Thursday and believe it or not I am up at 6:45 to move my partners car off the drive as the guy who is putting in the base for the new garden shed is arriving at 7am, and by jove he does. A single bloke with a van and a substantial gut who unloads wood and a case full of tools. I offer a drink but he declines and gets on with the construction of the base. He clearly works at pace as within minutes he has his top off. A bit disturbing at this early hour. I take my morning meds and have breakfast and prepare my clothes for my visit later to the hospital. With that done I ring the boiler service folk and book ours in for its annual service. In no time at all, or at least by 10 o’clock todays builder badger has completed his task. There is a shed base concreted in and awaiting the shed to top it.

I say farewell to the builder badger and then change into my training kit. I squeeze in a half hour session on the rower and to my surprise crack my 6 kilometre standard. Its all a bit rushed now as I am to leave for the hospital so I head for the shower.

Having showered and taken everything metal off me I leave for the hospital smelling sweetly. I arrive and as I know my way to the department its an easy journey. In the nuclear medicine department I check in and soon I am called in. This is when the fun start. My nurse is a chatter box and gives me a running commentary on what she is doing which turns into a monologue about why its going wrong. She misses the first vein, “too wobbly” and then the use of the smaller needle into the vein in my wrist. Having made me radioactive I am sent away for two hours to ferment, which apparently helps to show my bones at their best. So I leave the department and go and sit in the hospital cafĂ© with a sandwich, drink and a Kitkat. Of course I have a book to read, Jim Harrison: The Essential Poems. At the appointed time, two hours after the radiation went into me I am called into the scan room. I get to lay on the scan bench where two assistants swaddle me so I cannot move and then for 45 minutes I am scanned. Eventually I am roused from my revere and told the scan is ended. I leave the now empty department and drive home through terrible traffic.

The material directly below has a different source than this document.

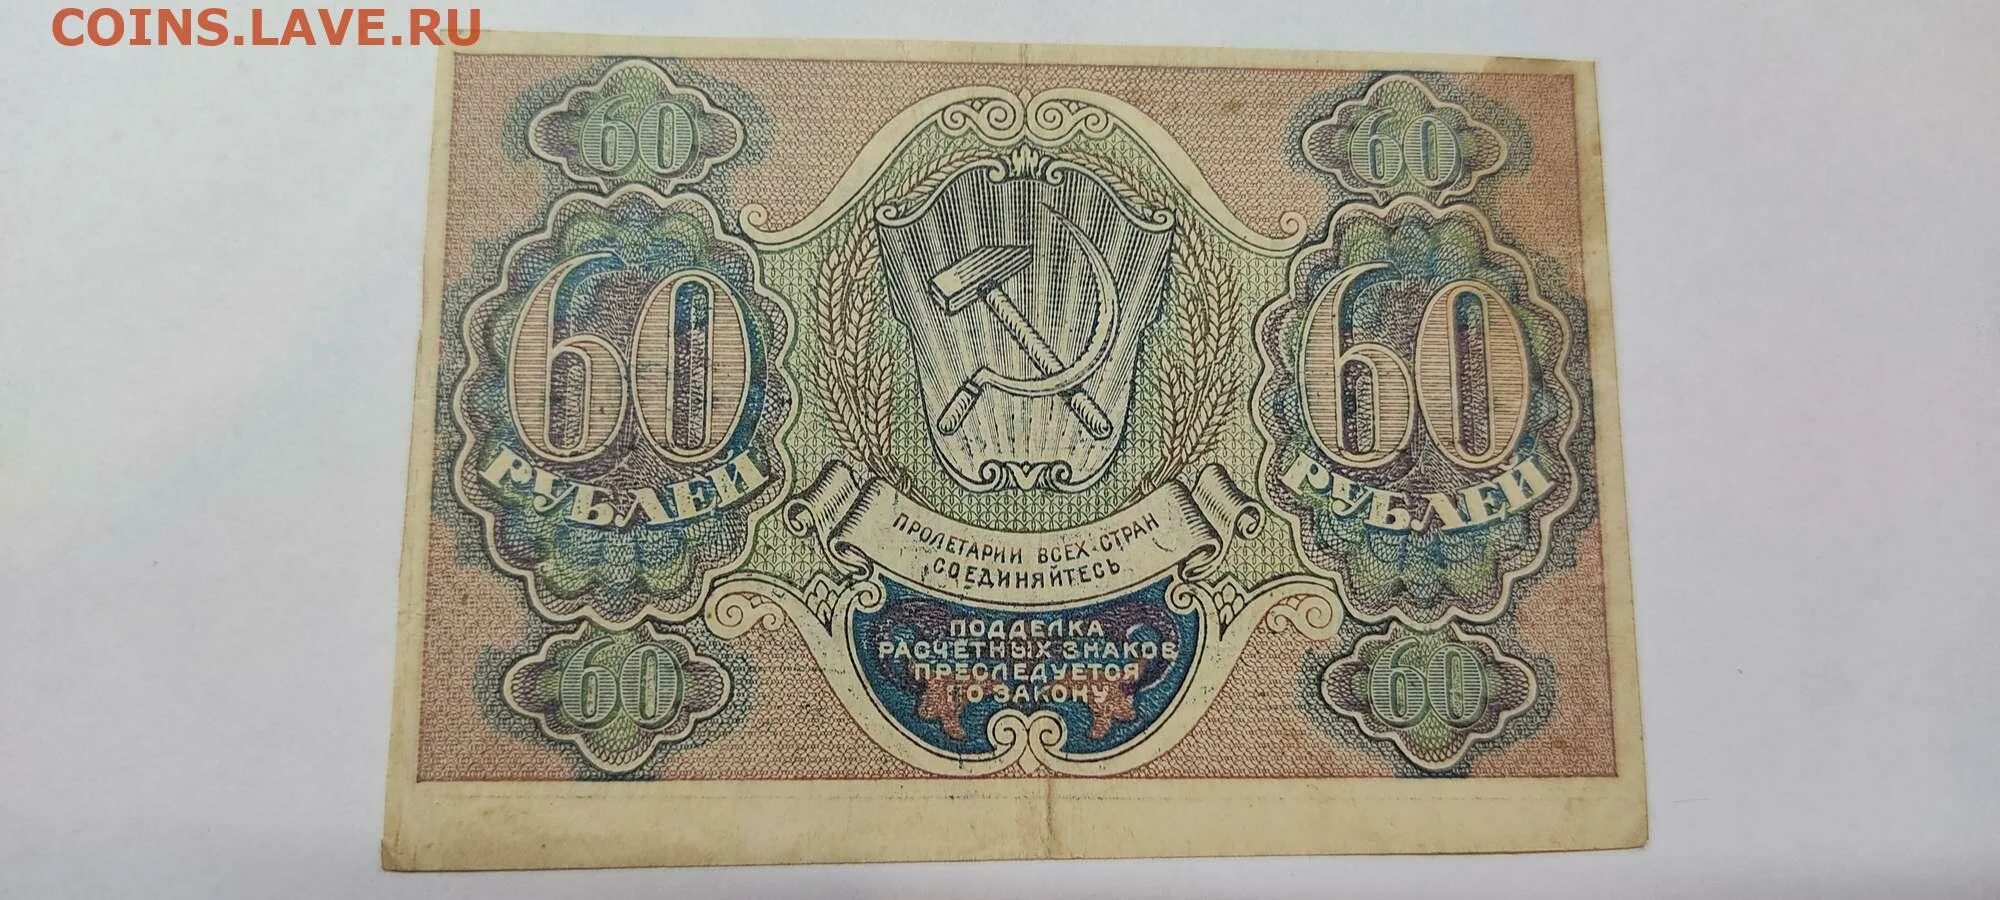 62 рубля 60. 60 Рублей. Расчетный знак 60 рублей. Рубли в 60-х годах XIX В. 60 Рублей фото.

Once home I rest for a bit before putting a tarpaulin over the shed base to protect it for the week before the new shed arrives. I eat a meal with the family and then flop on the settee totally out of energy. I drift until I draft the blog and then take my night meds and go to bed. Hopefully tomorrow will be slower although I shall be going with my partner to collect her new car and preparing for the visit of my youngest grandchild and his parents. All part of moving on.